== Your assignment ==
Give back the line that contains "The Staghorn Fern" and every following line, exactly as they appear, through the end of the data.

──────────────────────────────

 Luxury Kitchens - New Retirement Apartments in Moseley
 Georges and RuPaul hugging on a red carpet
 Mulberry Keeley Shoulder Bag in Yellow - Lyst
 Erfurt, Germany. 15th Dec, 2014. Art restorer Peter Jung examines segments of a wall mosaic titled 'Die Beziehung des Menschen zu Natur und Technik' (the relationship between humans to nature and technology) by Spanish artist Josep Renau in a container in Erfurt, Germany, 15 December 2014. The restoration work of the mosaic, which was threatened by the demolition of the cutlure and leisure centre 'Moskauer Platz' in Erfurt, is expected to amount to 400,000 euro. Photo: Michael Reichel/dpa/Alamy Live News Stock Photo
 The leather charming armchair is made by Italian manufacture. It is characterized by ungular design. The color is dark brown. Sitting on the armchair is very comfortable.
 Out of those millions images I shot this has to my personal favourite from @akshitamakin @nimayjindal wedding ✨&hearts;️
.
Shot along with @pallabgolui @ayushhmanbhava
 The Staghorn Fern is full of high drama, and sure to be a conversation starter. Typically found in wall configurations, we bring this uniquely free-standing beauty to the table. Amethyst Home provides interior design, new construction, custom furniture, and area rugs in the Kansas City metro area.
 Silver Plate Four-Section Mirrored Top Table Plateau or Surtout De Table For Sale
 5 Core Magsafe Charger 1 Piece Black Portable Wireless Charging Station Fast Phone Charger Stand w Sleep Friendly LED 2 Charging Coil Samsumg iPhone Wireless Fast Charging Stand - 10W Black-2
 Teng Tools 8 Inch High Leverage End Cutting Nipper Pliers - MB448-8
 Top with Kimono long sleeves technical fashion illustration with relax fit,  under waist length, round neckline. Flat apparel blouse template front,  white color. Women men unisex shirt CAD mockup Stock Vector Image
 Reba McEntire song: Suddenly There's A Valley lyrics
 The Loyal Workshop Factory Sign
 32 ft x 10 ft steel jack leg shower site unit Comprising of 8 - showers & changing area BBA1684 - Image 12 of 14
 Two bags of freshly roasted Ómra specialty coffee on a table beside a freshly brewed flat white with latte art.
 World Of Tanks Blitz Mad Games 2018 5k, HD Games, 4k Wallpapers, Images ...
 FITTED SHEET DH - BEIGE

──────────────────────────────

== Problem solution ==
 The Staghorn Fern is full of high drama, and sure to be a conversation starter. Typically found in wall configurations, we bring this uniquely free-standing beauty to the table. Amethyst Home provides interior design, new construction, custom furniture, and area rugs in the Kansas City metro area.
 Silver Plate Four-Section Mirrored Top Table Plateau or Surtout De Table For Sale
 5 Core Magsafe Charger 1 Piece Black Portable Wireless Charging Station Fast Phone Charger Stand w Sleep Friendly LED 2 Charging Coil Samsumg iPhone Wireless Fast Charging Stand - 10W Black-2
 Teng Tools 8 Inch High Leverage End Cutting Nipper Pliers - MB448-8
 Top with Kimono long sleeves technical fashion illustration with relax fit,  under waist length, round neckline. Flat apparel blouse template front,  white color. Women men unisex shirt CAD mockup Stock Vector Image
 Reba McEntire song: Suddenly There's A Valley lyrics
 The Loyal Workshop Factory Sign
 32 ft x 10 ft steel jack leg shower site unit Comprising of 8 - showers & changing area BBA1684 - Image 12 of 14
 Two bags of freshly roasted Ómra specialty coffee on a table beside a freshly brewed flat white with latte art.
 World Of Tanks Blitz Mad Games 2018 5k, HD Games, 4k Wallpapers, Images ...
 FITTED SHEET DH - BEIGE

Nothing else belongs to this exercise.